** SOURCE MATERIAL **
= = =

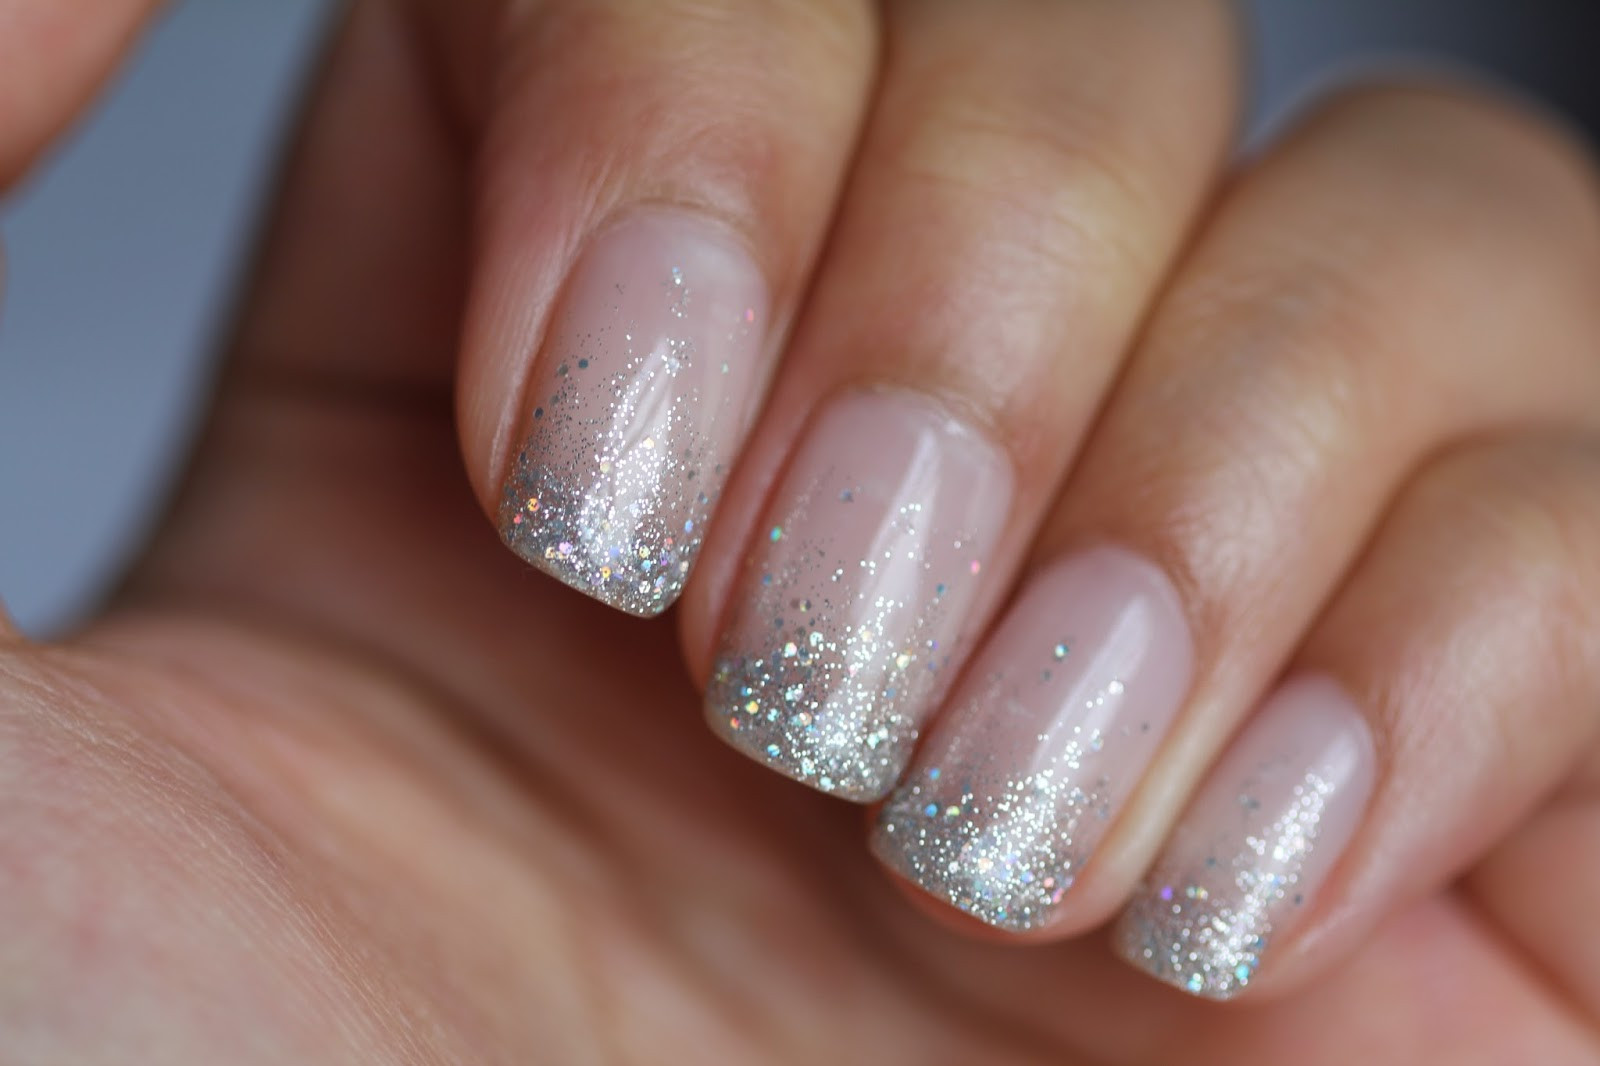 Nails With Glitter
 DSK Steph Cindy s Nails Glitter Waterfall Shellac Nails
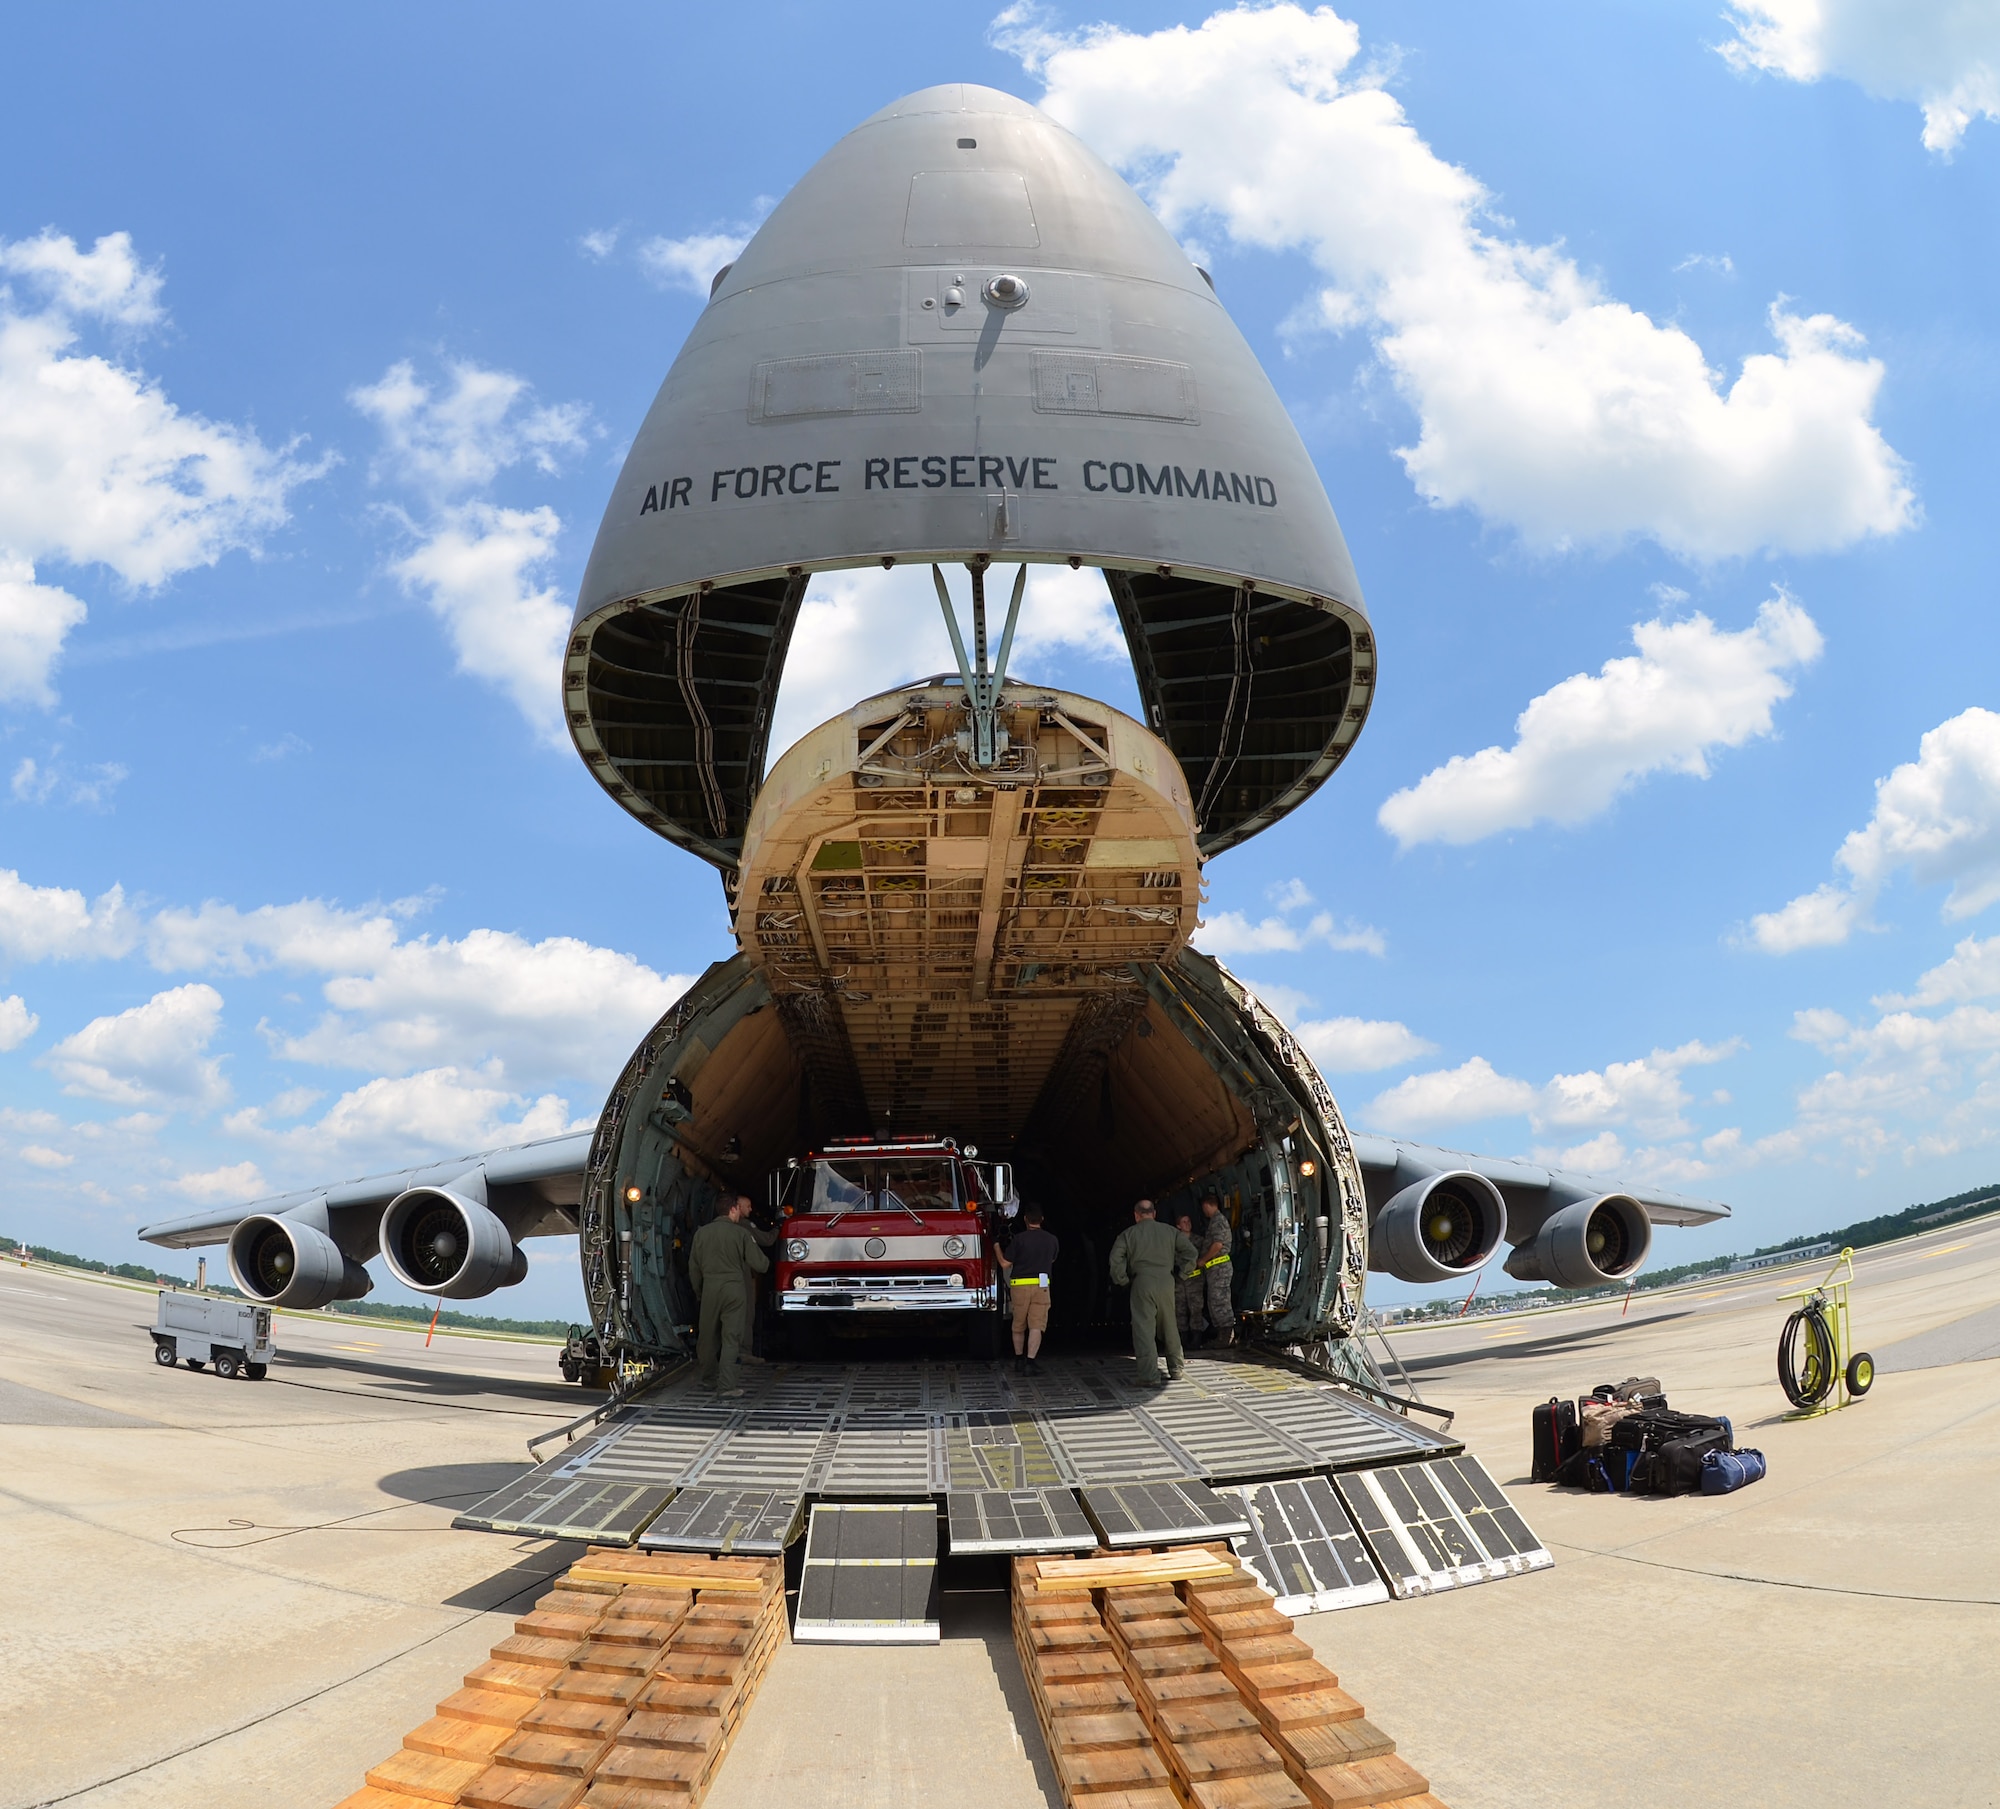 A Ford Horton Ambulance, a Ford 8000 Pierce Pumper and a Ford C-8000 Pirsch Pumper are loaded into the Westover C-5 Galaxy aircraft at JB-Charleston June 9, 2014. The cargo was delivered to Managua, Nicaragua June 10, on behalf of the Wisconsin/Nicaragua Partners of the Americas, Incorporated. (U.S. Air Force photo/SSgt. Kelly Goonan)

= = =

Output the listing exactly, pictures excluded.

 Nails With Glitter
 DSK Steph Cindy s Nails Glitter Waterfall Shellac Nails
 A Ford Horton Ambulance, a Ford 8000 Pierce Pumper and a Ford C-8000 Pirsch Pumper are loaded into the Westover C-5 Galaxy aircraft at JB-Charleston June 9, 2014. The cargo was delivered to Managua, Nicaragua June 10, on behalf of the Wisconsin/Nicaragua Partners of the Americas, Incorporated. (U.S. Air Force photo/SSgt. Kelly Goonan)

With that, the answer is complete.